**Data extracts**:

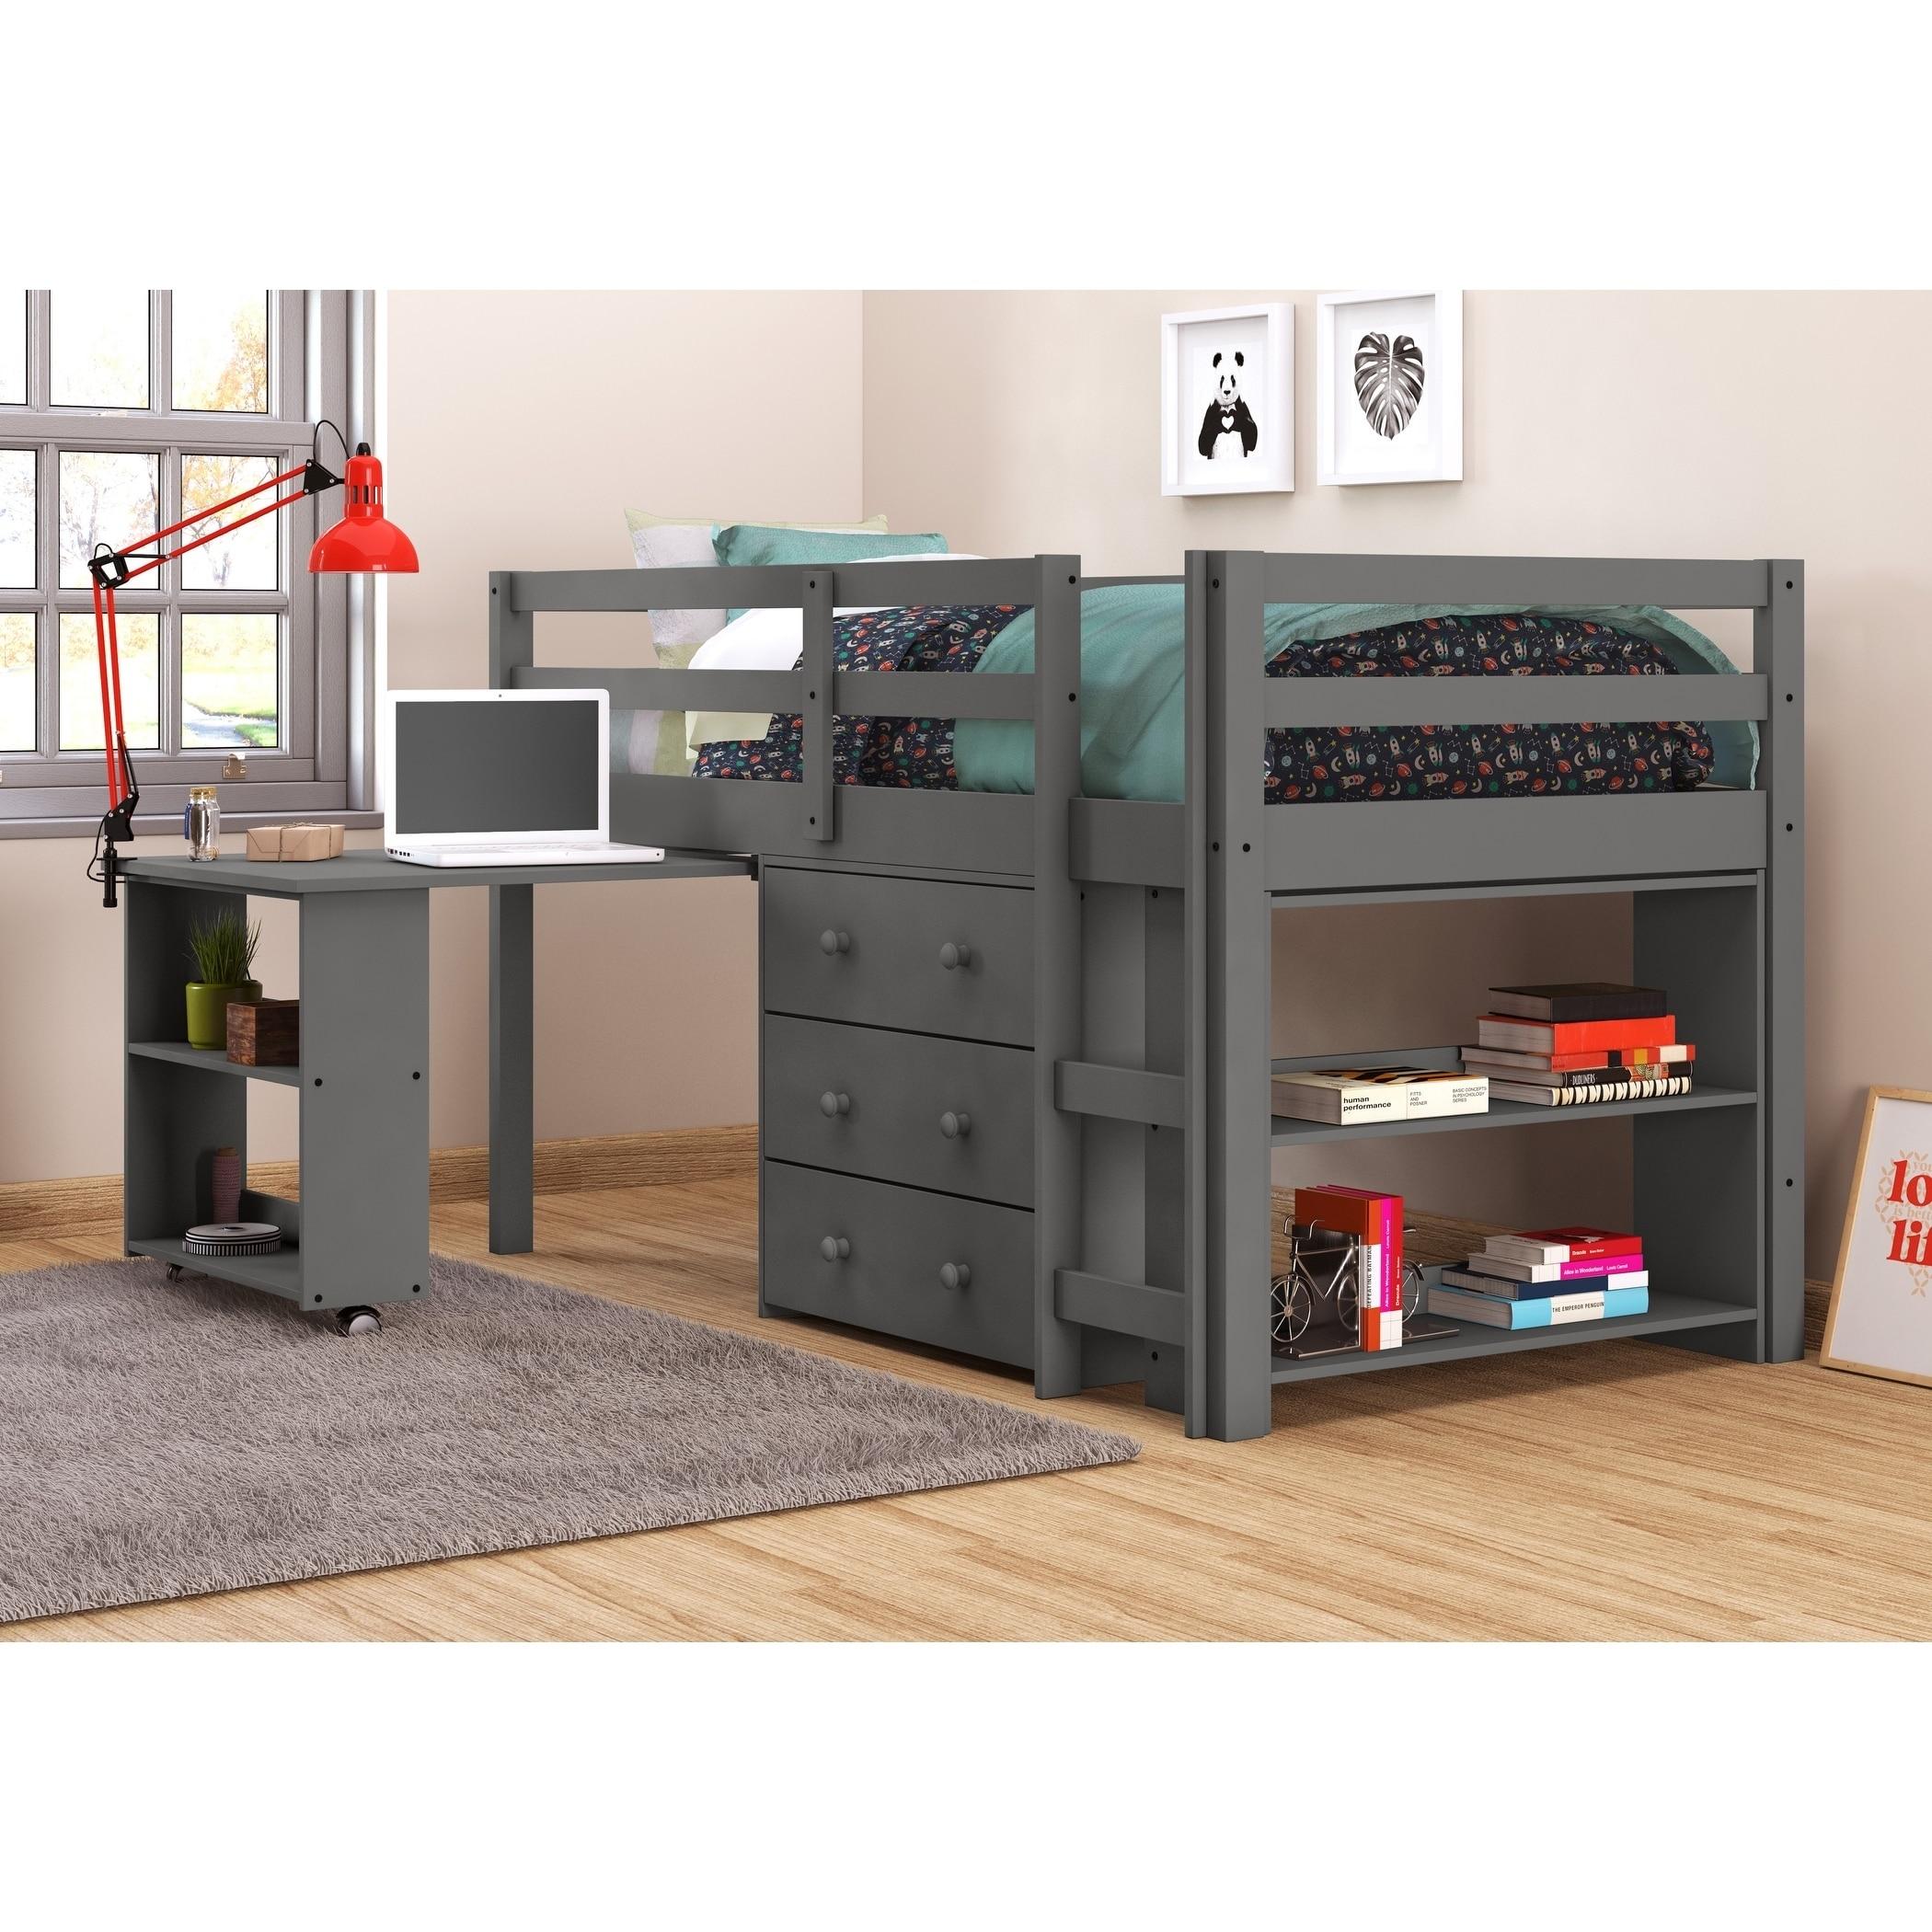 Donco Kids Low Study Loft Desk Twin Bed
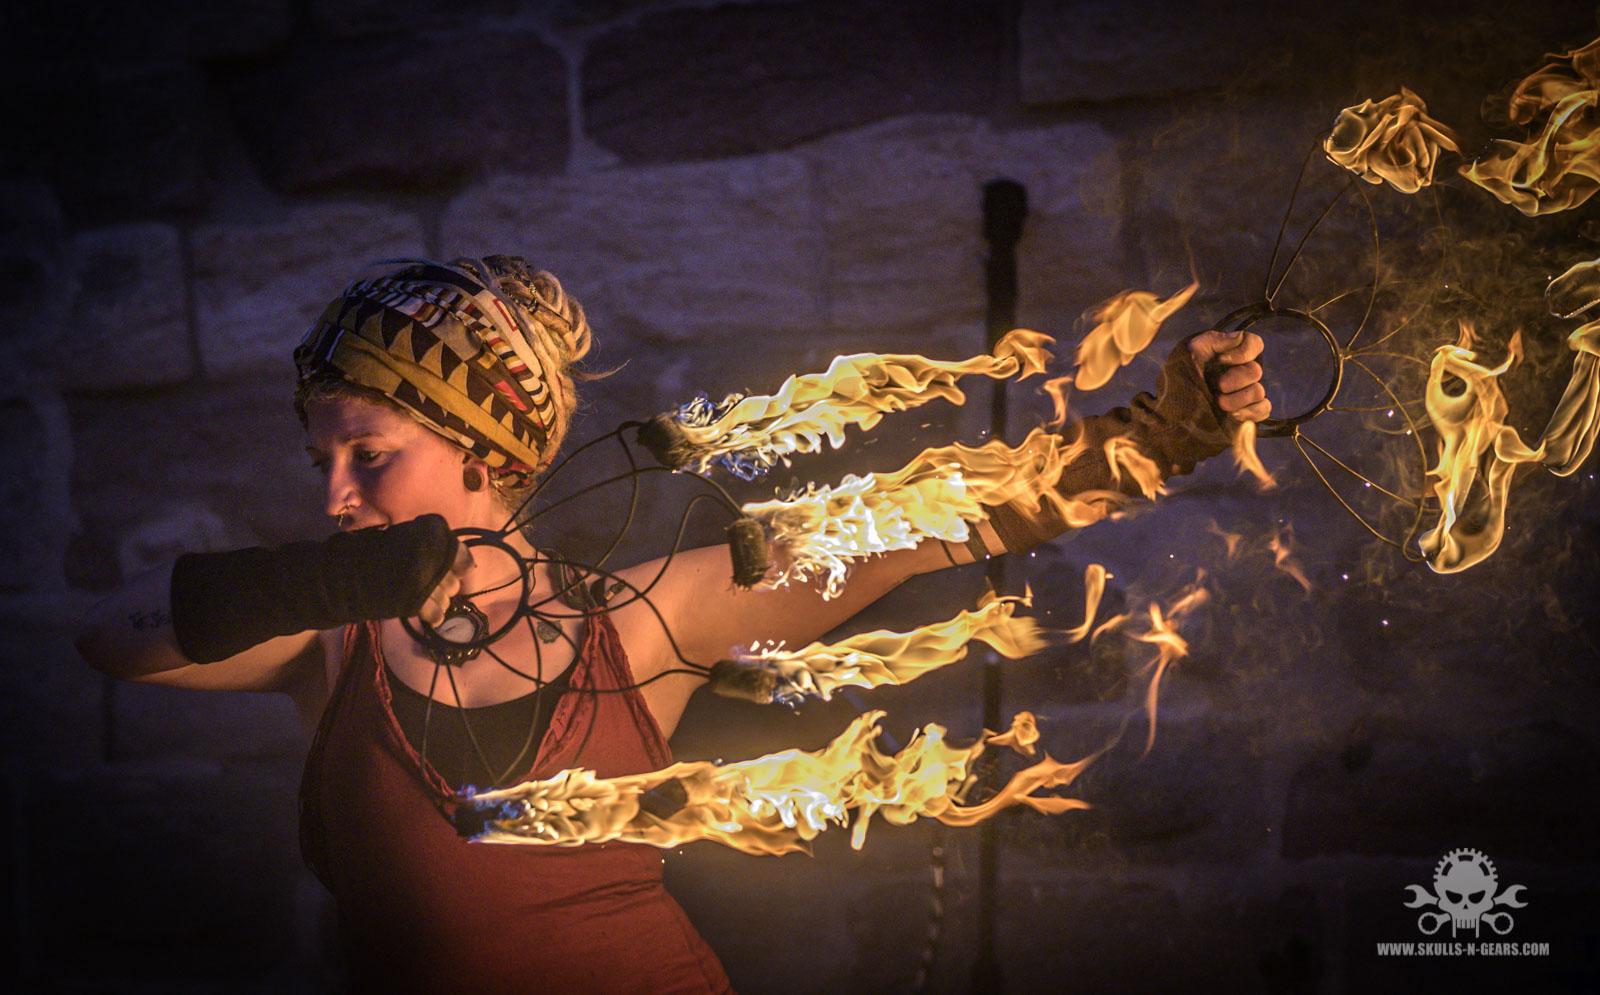 Feuertanz Festival 2019 - Feuershow-1214
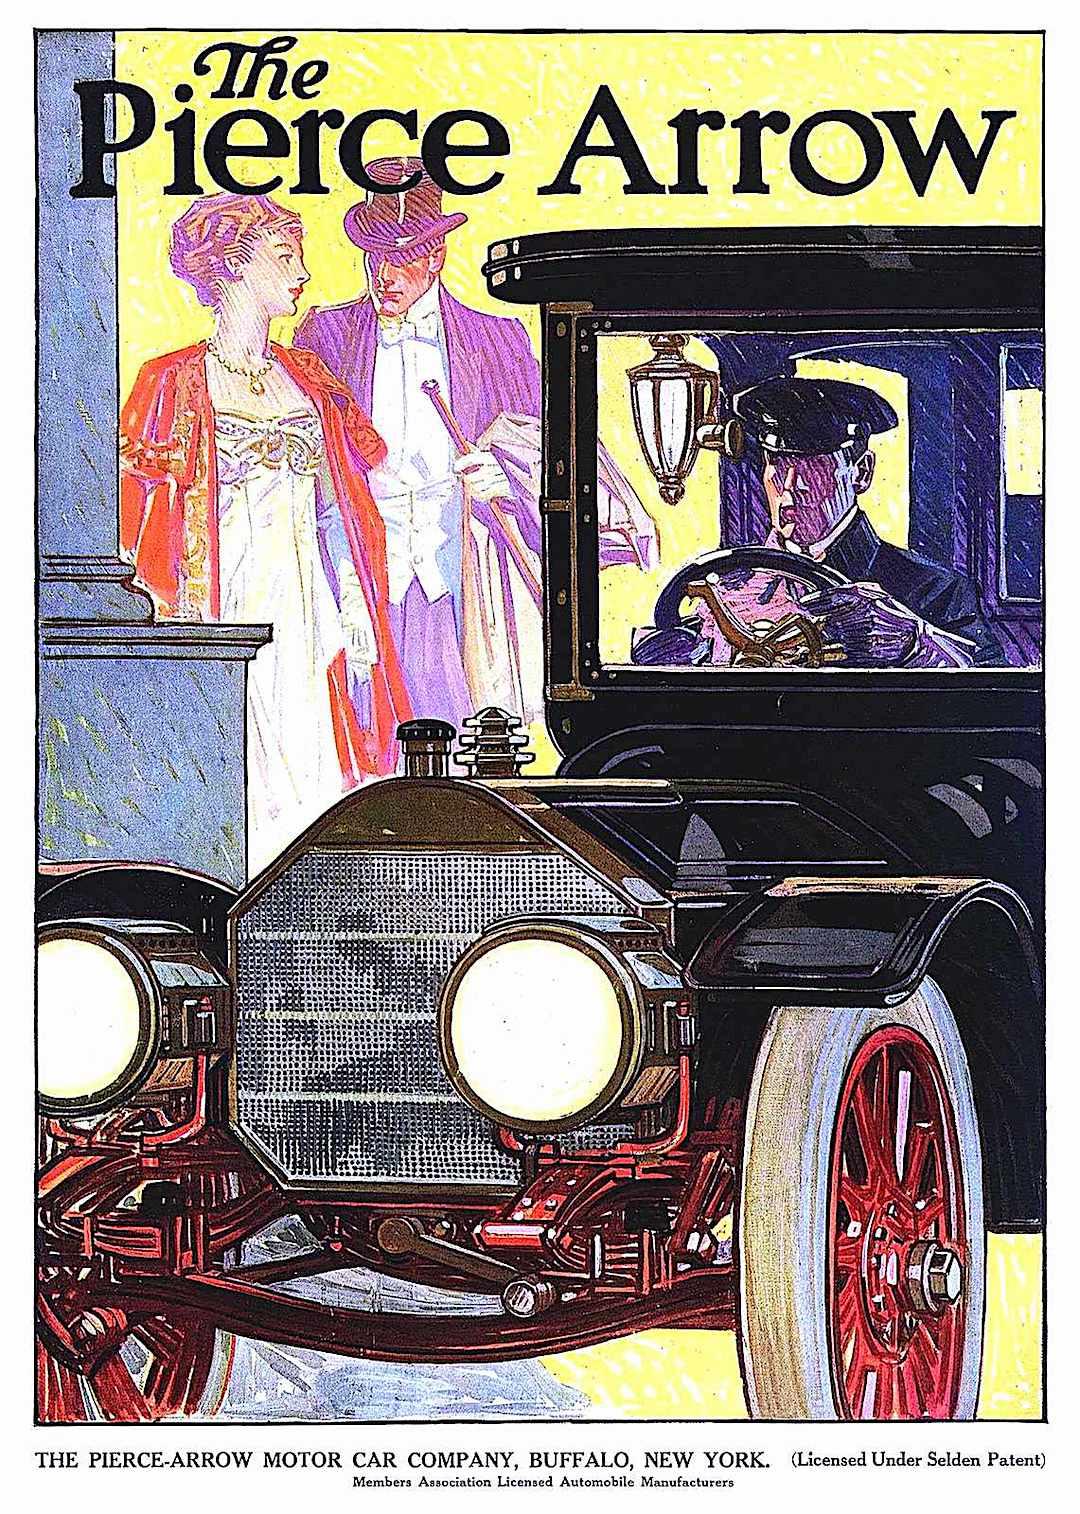 a 1910 Pierce Arrow ad illustration
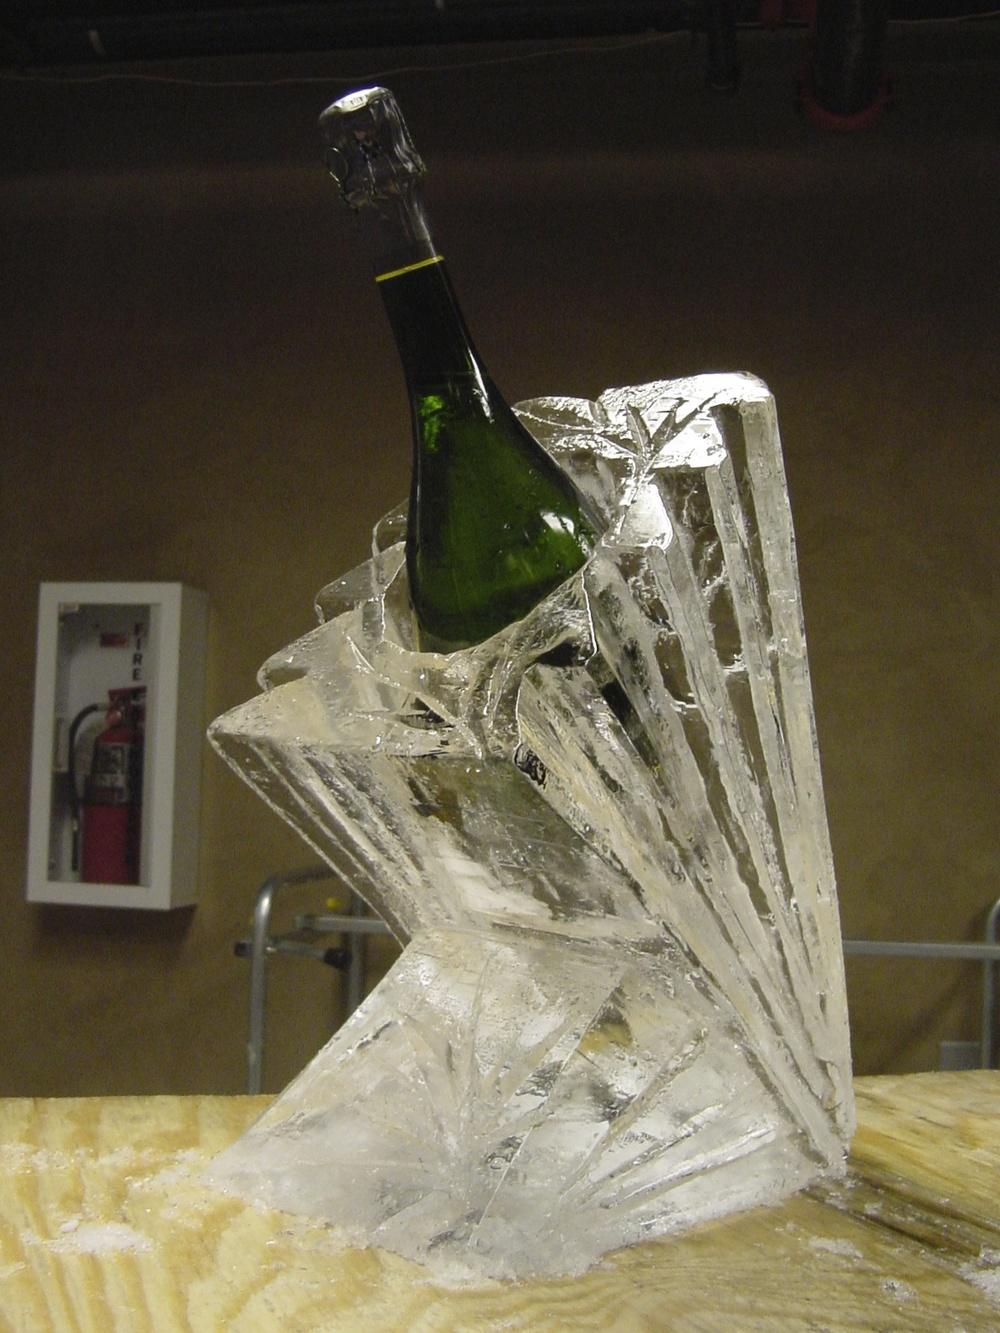 4-1-02 Champagne Chiller 4.jpg
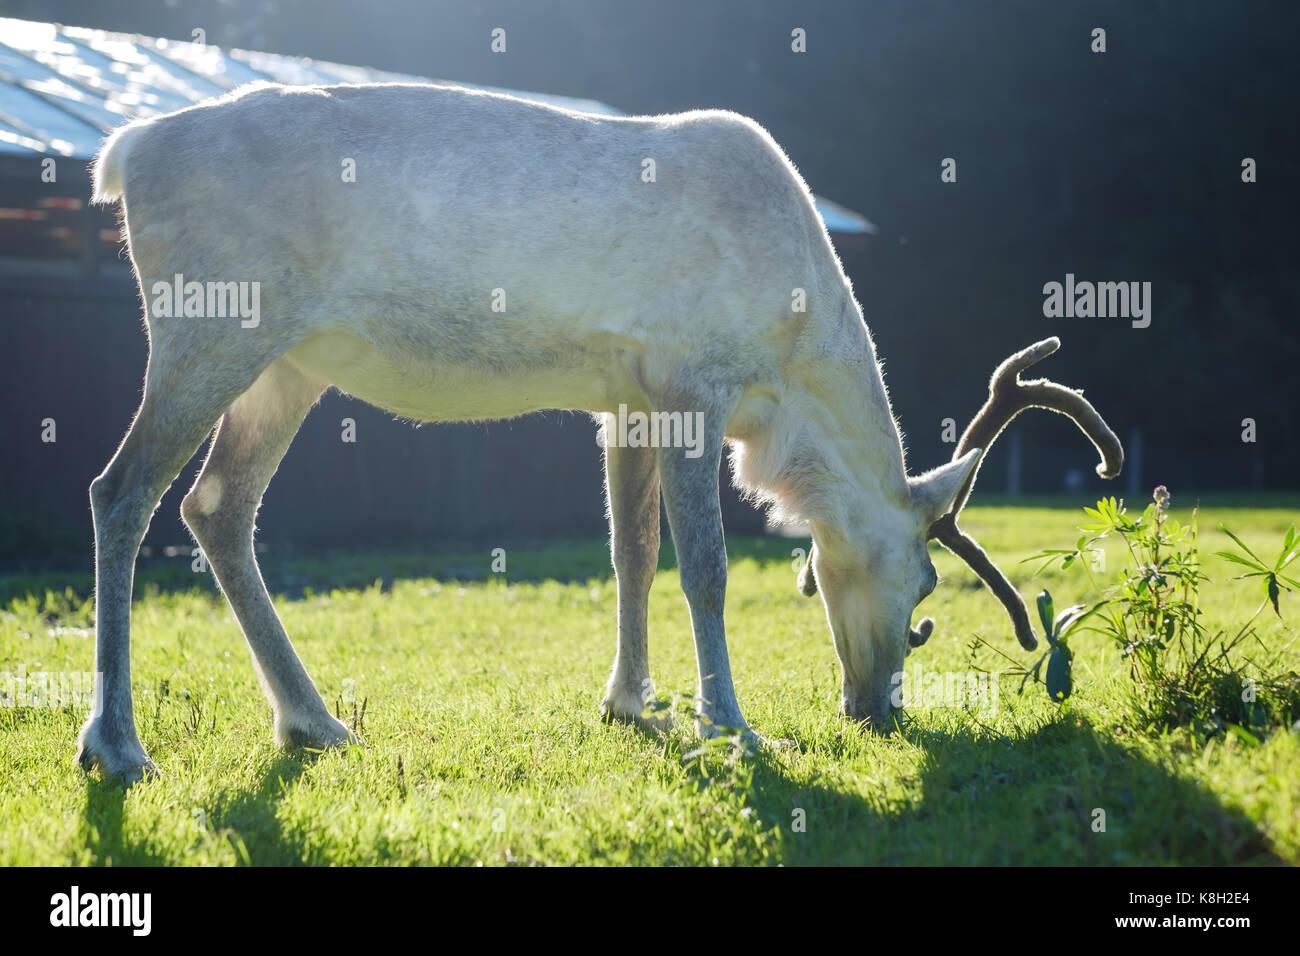 White female reindeer in eco farm. - Stock Image

**Prompt**:
Once the pictures are set aside, write out each record exactly.

**Solution to this problem**:
 Donco Kids Low Study Loft Desk Twin Bed
 Feuertanz Festival 2019 - Feuershow-1214
 a 1910 Pierce Arrow ad illustration
 4-1-02 Champagne Chiller 4.jpg
 White female reindeer in eco farm. - Stock Image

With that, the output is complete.